● MATERIAL SUPPLIED:
*** Block opens ***

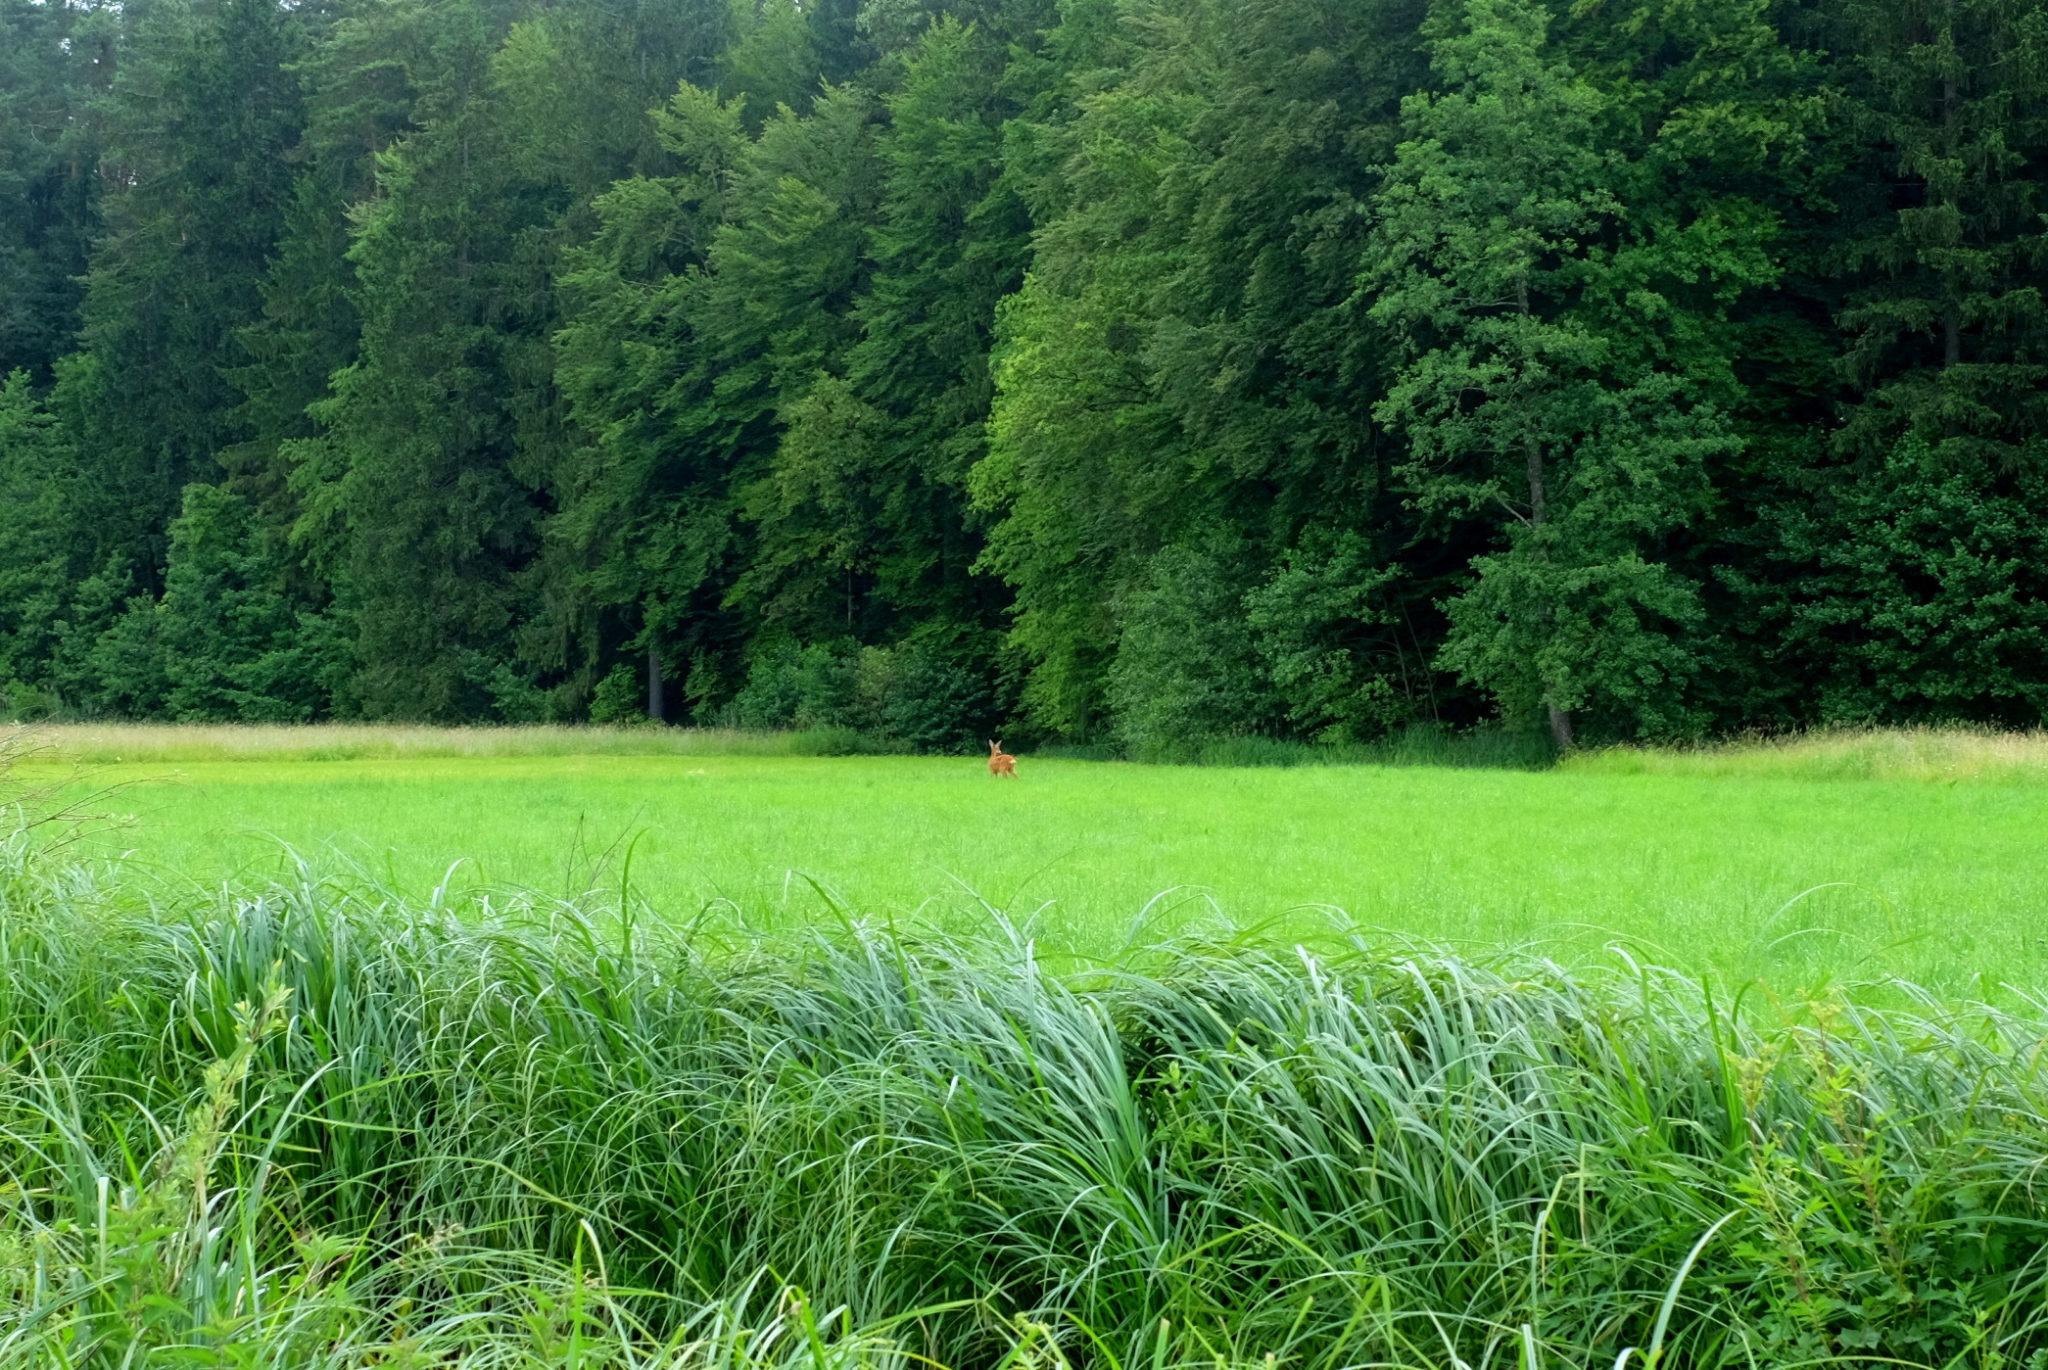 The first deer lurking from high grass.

*** Block closes ***
*** Block opens ***

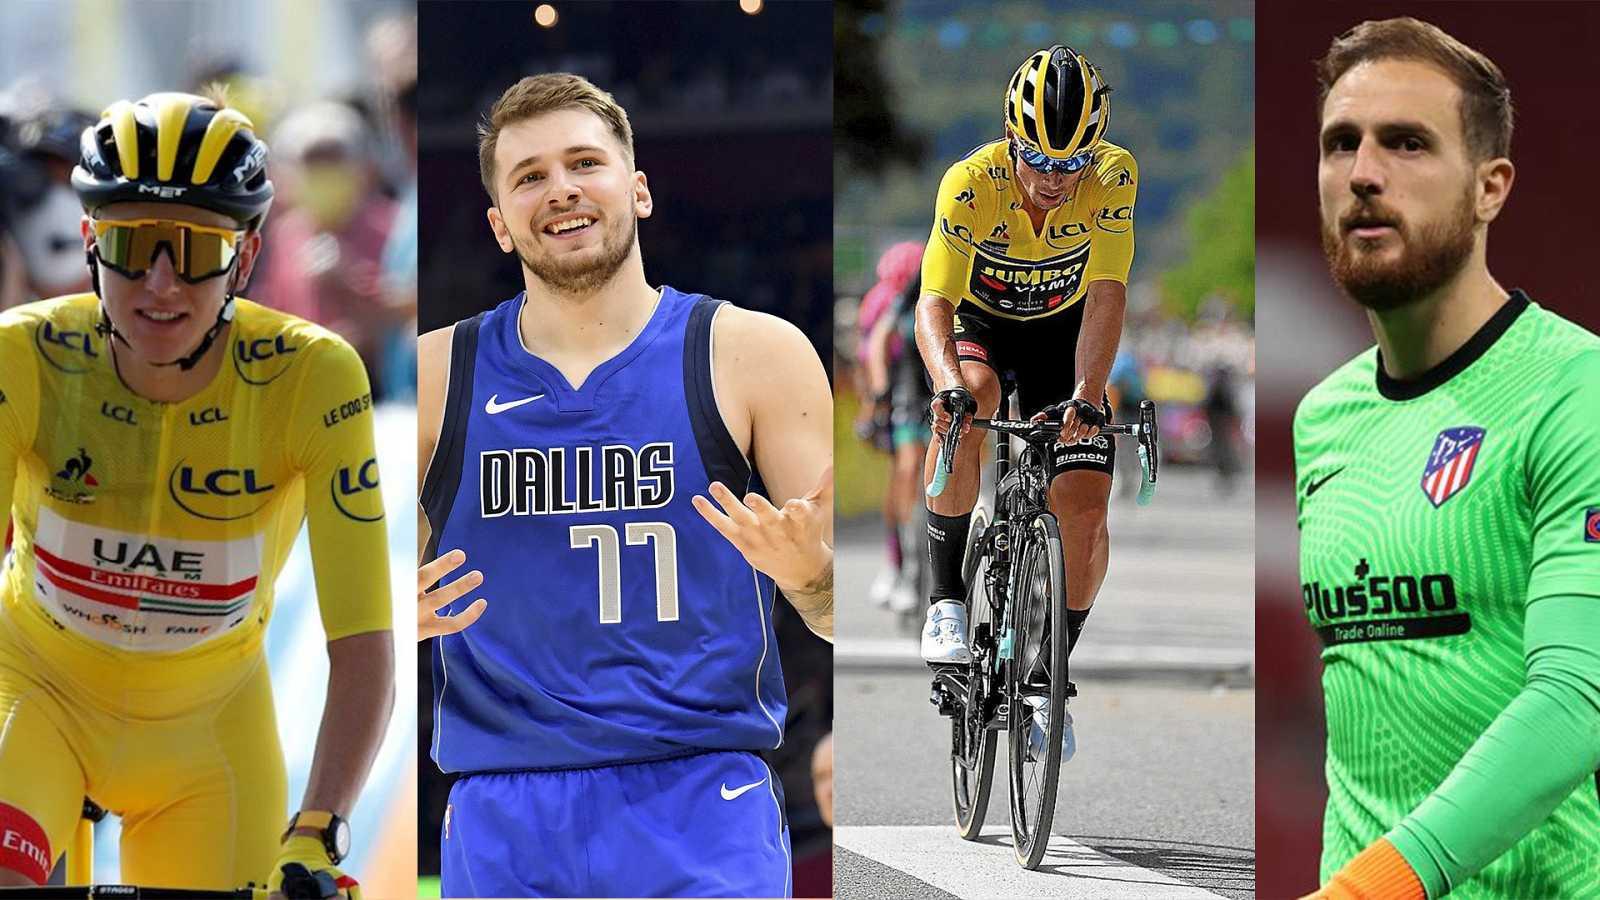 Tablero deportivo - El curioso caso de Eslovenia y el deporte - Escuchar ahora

*** Block closes ***
*** Block opens ***

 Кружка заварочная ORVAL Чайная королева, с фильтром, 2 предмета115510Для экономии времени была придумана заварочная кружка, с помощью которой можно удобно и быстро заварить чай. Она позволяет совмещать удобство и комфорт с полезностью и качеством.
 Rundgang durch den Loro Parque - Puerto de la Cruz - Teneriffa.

*** Block closes ***

Your answer should consist solely of the lines above from the line with "Кружка заварочная ORVAL" to the line with "Rundgang durch den", both included, reproduced exactly.

● WRITTEN RESPONSE:
 Кружка заварочная ORVAL Чайная королева, с фильтром, 2 предмета115510Для экономии времени была придумана заварочная кружка, с помощью которой можно удобно и быстро заварить чай. Она позволяет совмещать удобство и комфорт с полезностью и качеством.
 Rundgang durch den Loro Parque - Puerto de la Cruz - Teneriffa.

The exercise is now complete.